KANSAS CITY, Mo. _ Royals third baseman Mike Moustakas stood in front of his locker Tuesday afternoon, and before long, a conversation analyzing the work of his teammates shifted to a 2017 prognostication. He projected his comeback from a serious knee injury, the return of a veteran, playoff-tested core and the potential impact of young prospects.
Hours later, the Royals tabled the 2017 talk for 24 hours.
The Royals fought off two deficits and used outfielder Billy Burns' sacrifice fly to defeat the Minnesota Twins 4-3 in 11 innings Tuesday, staving off postseason elimination for another day.
The Royals, 80-77, have five games left in the regular season and trail Baltimore by five games for the second American League wild-card berth. In other words, a nearly inevitable finish _ in which Major League Baseball crowns a new champion in 2016 _ was halted by Burns' sacrifice fly in a game that saw 17 pitchers toe the rubber.
The bullpens cycled through a total of 15 pitchers before Twins lefty Tommy Milone was tagged for the first run either allowed in the 11th.
A walked ignited the rally.
Royals rookie Raul Mondesi fought off an 0-2 count to lead off the inning with the free pass. He moved to second on a delayed steal, then moved to third on Jarrod Dyson's sacrifice bunt. The Twins walked Whit Merrifield and Eric Hosmer to bring up Burns, who had entered the game in the ninth inning as a pinch runner for Kendrys Morales. Burns laced a line drive to center field, and Mondesi breezed home.
That provided the Royals with their first lead of the night after they wiped out deficits of two runs and one run in the fourth and fifth innings, respectively.
They squandered a chance to grab hold of their initial lead in the eighth inning. Third baseman Cheslor Cuthbert led off with a single before giving way to pinch runner Terrance Gore, who stole second base with Dyson at the plate and third base after Dyson struck out. But on a 2-0 pitch, Merrifield concluded the threat when he popped up a bunt. The Twins doubled up Gore, who had sprinted across the plate.
In his penultimate start of his first season in a Royals uniform, Ian Kennedy labored through five innings, allowing three runs in a no-decision. He threw 106 pitches.
He will conclude the Royals' season Sunday, when he takes the mound for the final game of the year.
Twins starter Jose Berrios, a right-handed pitching prospect receiving his first glimpse of the major leagues during the season's final weeks, was removed before completing the fifth inning. He allowed three runs.

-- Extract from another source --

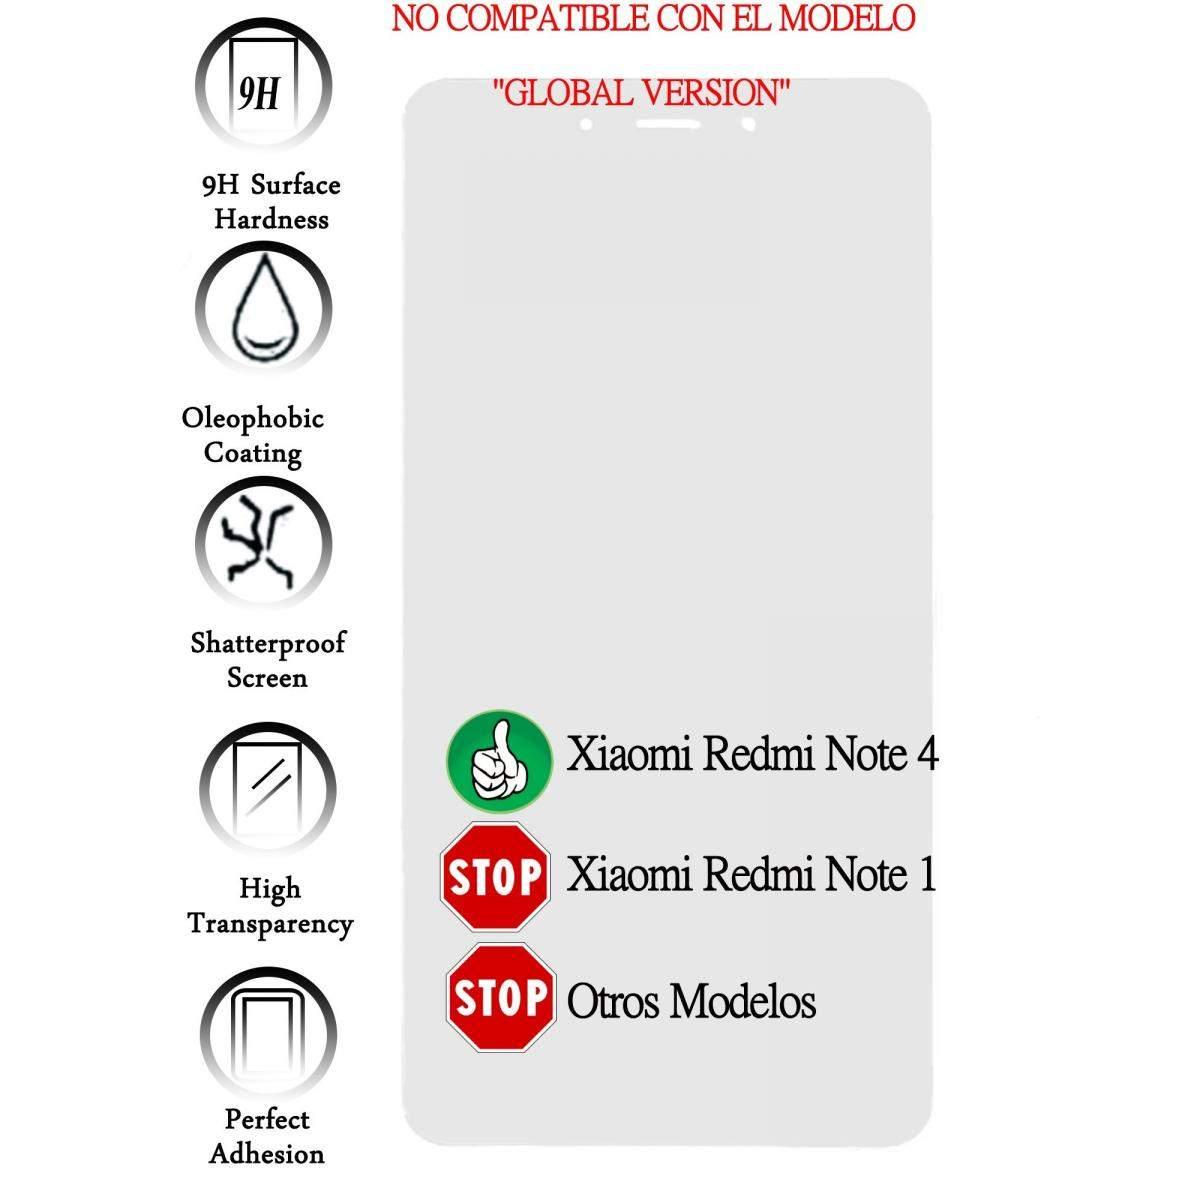 Kit-Protector-de-Pantalla-Cristal-Templado-Vidrio-para-Xiaomi-redmi-note-4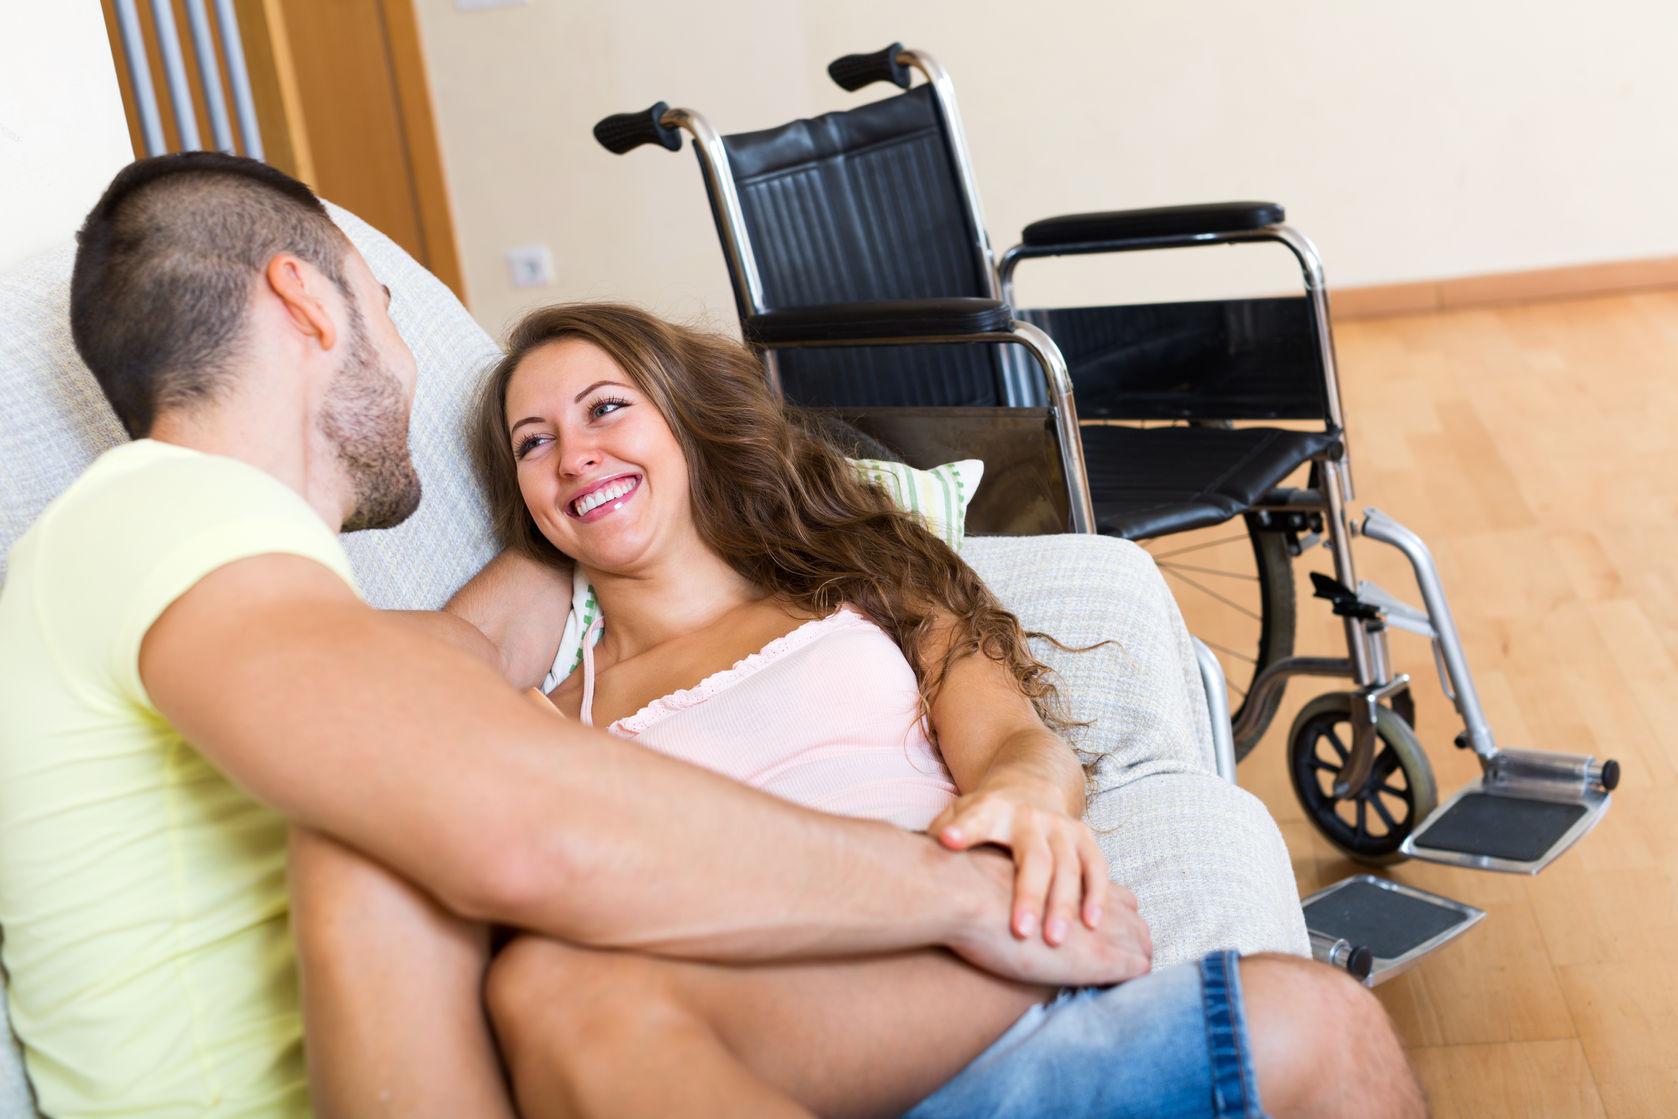 Disabili e sessualità

Berrios entered the game with an 8.88 earned run average across his first 12 appearances. On Tuesday, he navigated through his initial three innings in only 36 pitches, offsetting the lone baserunner with a double play to face the minimum.
The fourth provided a self-inflicted challenge. Berrios walked Dyson, and after a double from Merrifield and single from Hosmer, the Royals were on the board. They drew even when Morales grounded a ball to first base, and the Twins opted to turn a double play rather than cut down the tying run at home plate.
Twins right fielder Max Kepler supplied a bloop single to put Minnesota back in front in the fifth, but Dyson responded with a replay of it in the bottom half of the inning, pulling the Royals even once more.
The Twins opened the scoring in the second inning off Kennedy, when catcher Juan Centeno laced a double into the left center-field gap, scoring shortstop Eduardo Escobar.
Escobar drove himself home two innings later, a 429-foot plunge into the upper deck of the Kauffman Stadium fountains in right field. The home run came on the 10th pitch of the at-bat.